Top of Records for the exercise

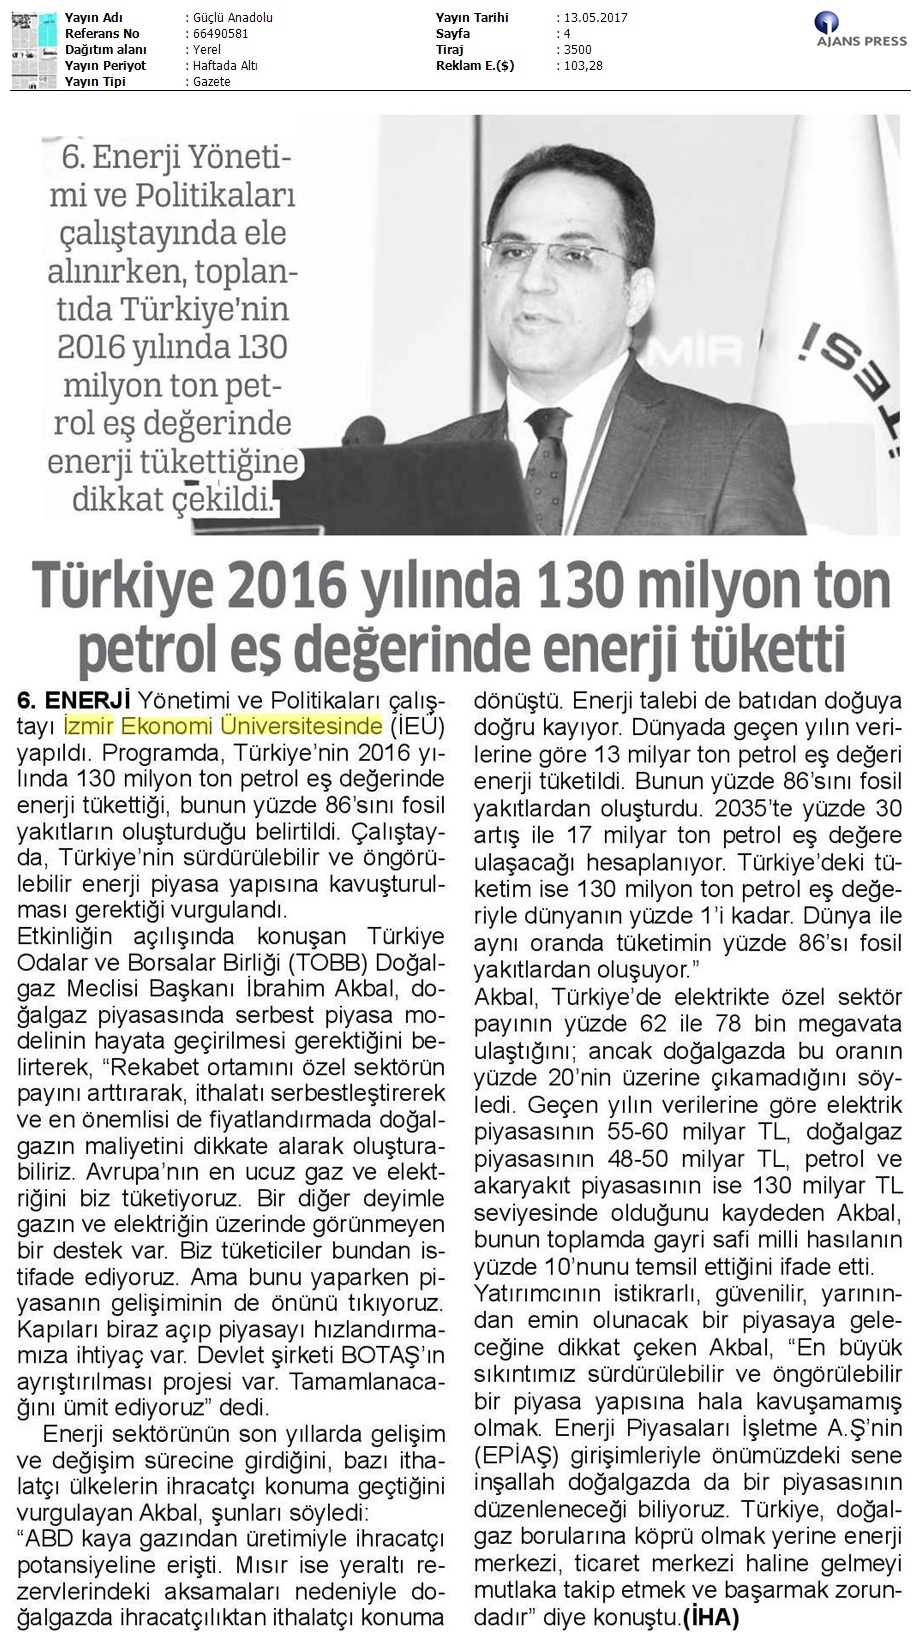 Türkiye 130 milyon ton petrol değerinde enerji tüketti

Bottom of Records for the exercise
Top of Records for the exercise

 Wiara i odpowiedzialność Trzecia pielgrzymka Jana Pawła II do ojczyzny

Bottom of Records for the exercise
Top of Records for the exercise

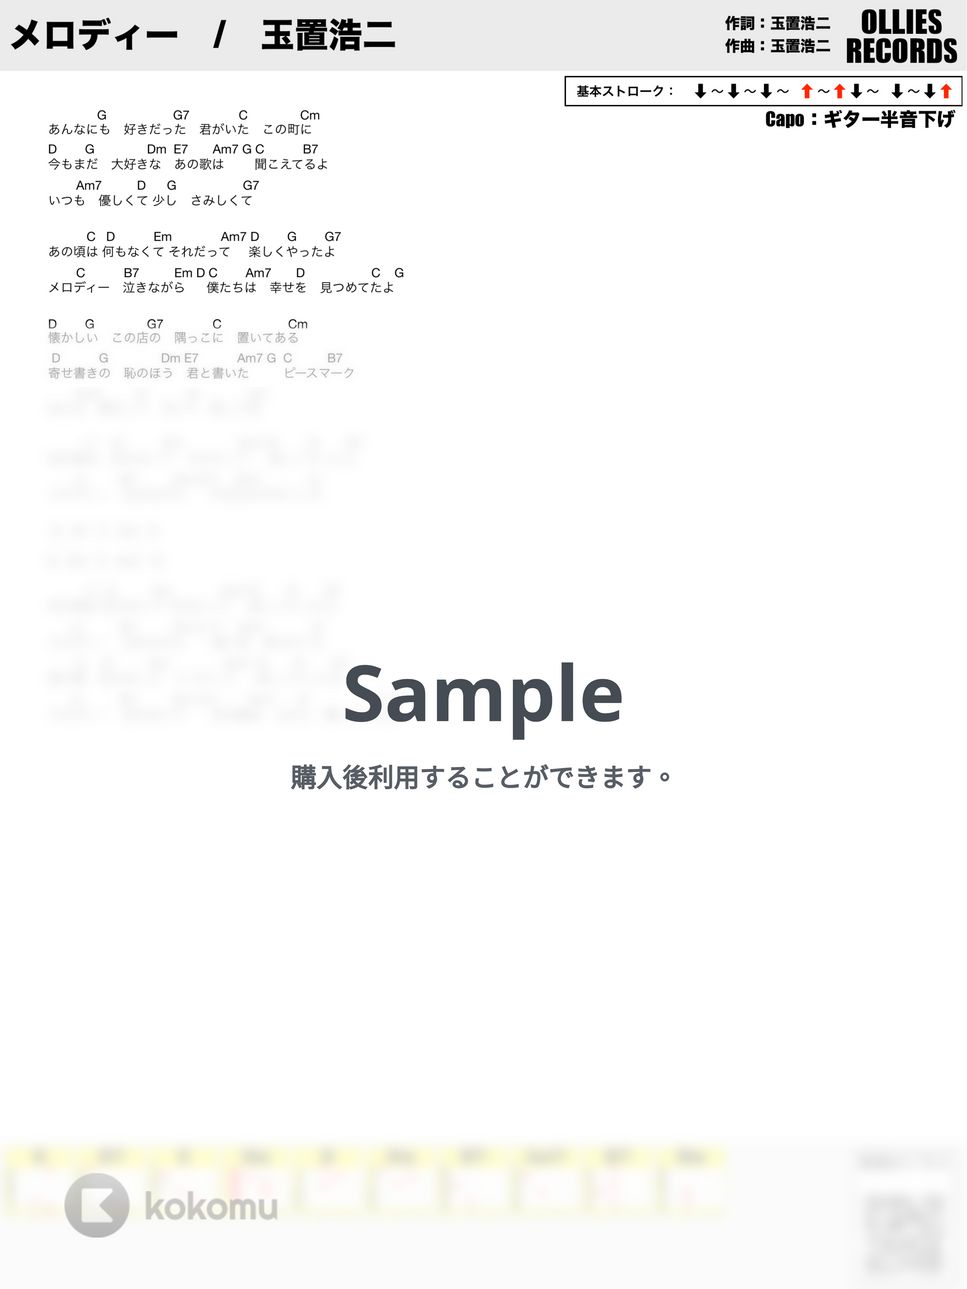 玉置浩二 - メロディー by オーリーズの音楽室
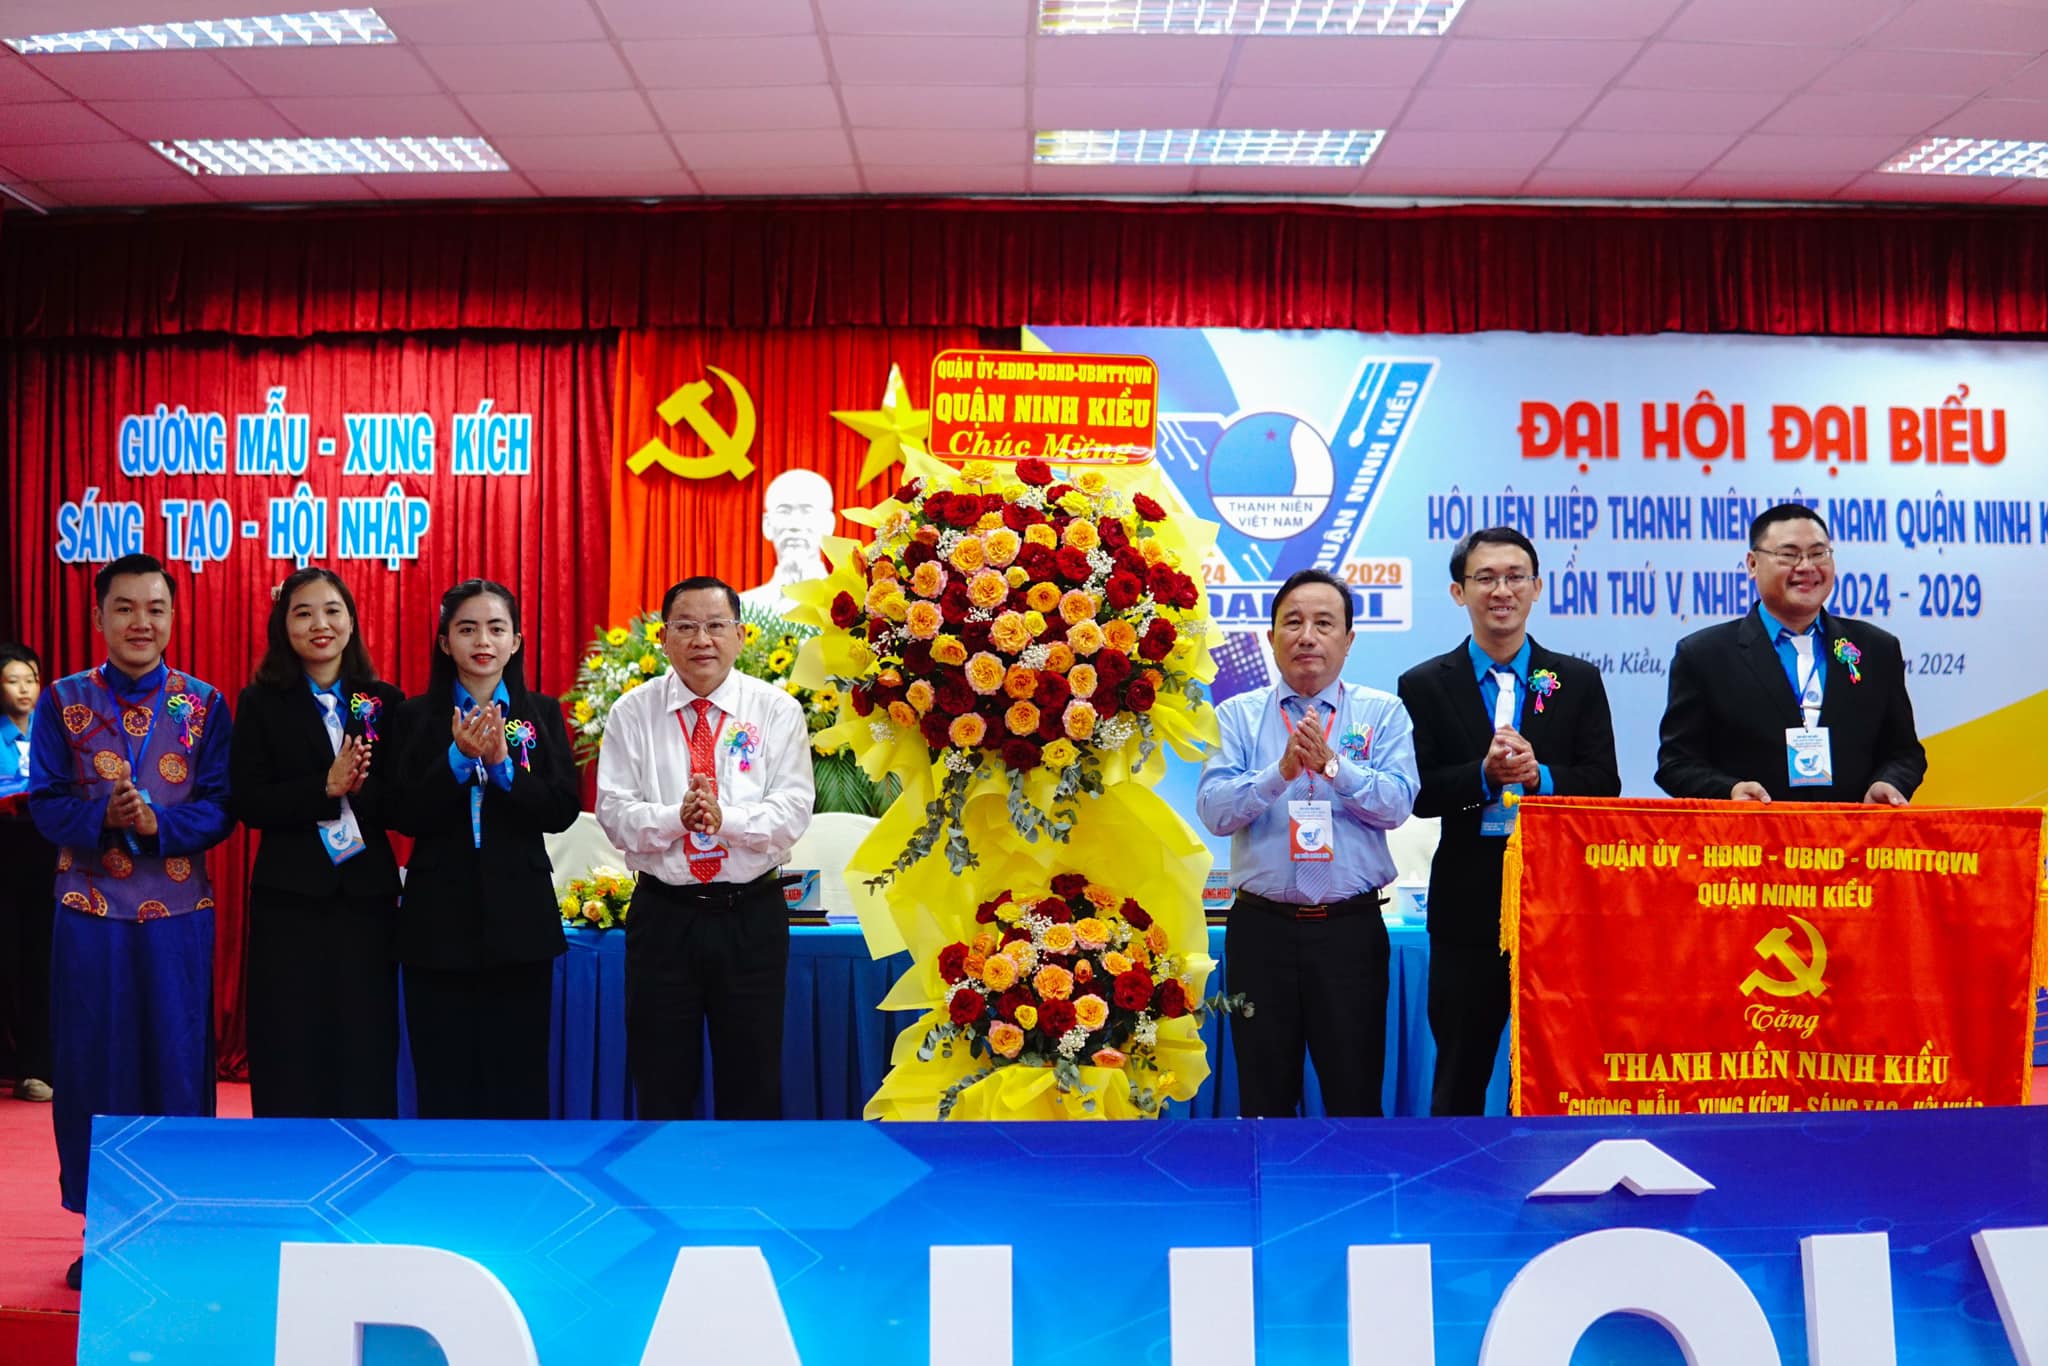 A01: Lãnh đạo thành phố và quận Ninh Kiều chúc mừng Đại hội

Bottom of Records for the exercise

__What to do__:
The data above holds the lines to copy: start at the one with "玉置浩二 - メロディー by オーリーズの音楽室", stop at the one with "A01: Lãnh đạo", include both, copy them exactly without pictures, and copy nothing else.

__Answer below__:
 玉置浩二 - メロディー by オーリーズの音楽室
 A01: Lãnh đạo thành phố và quận Ninh Kiều chúc mừng Đại hội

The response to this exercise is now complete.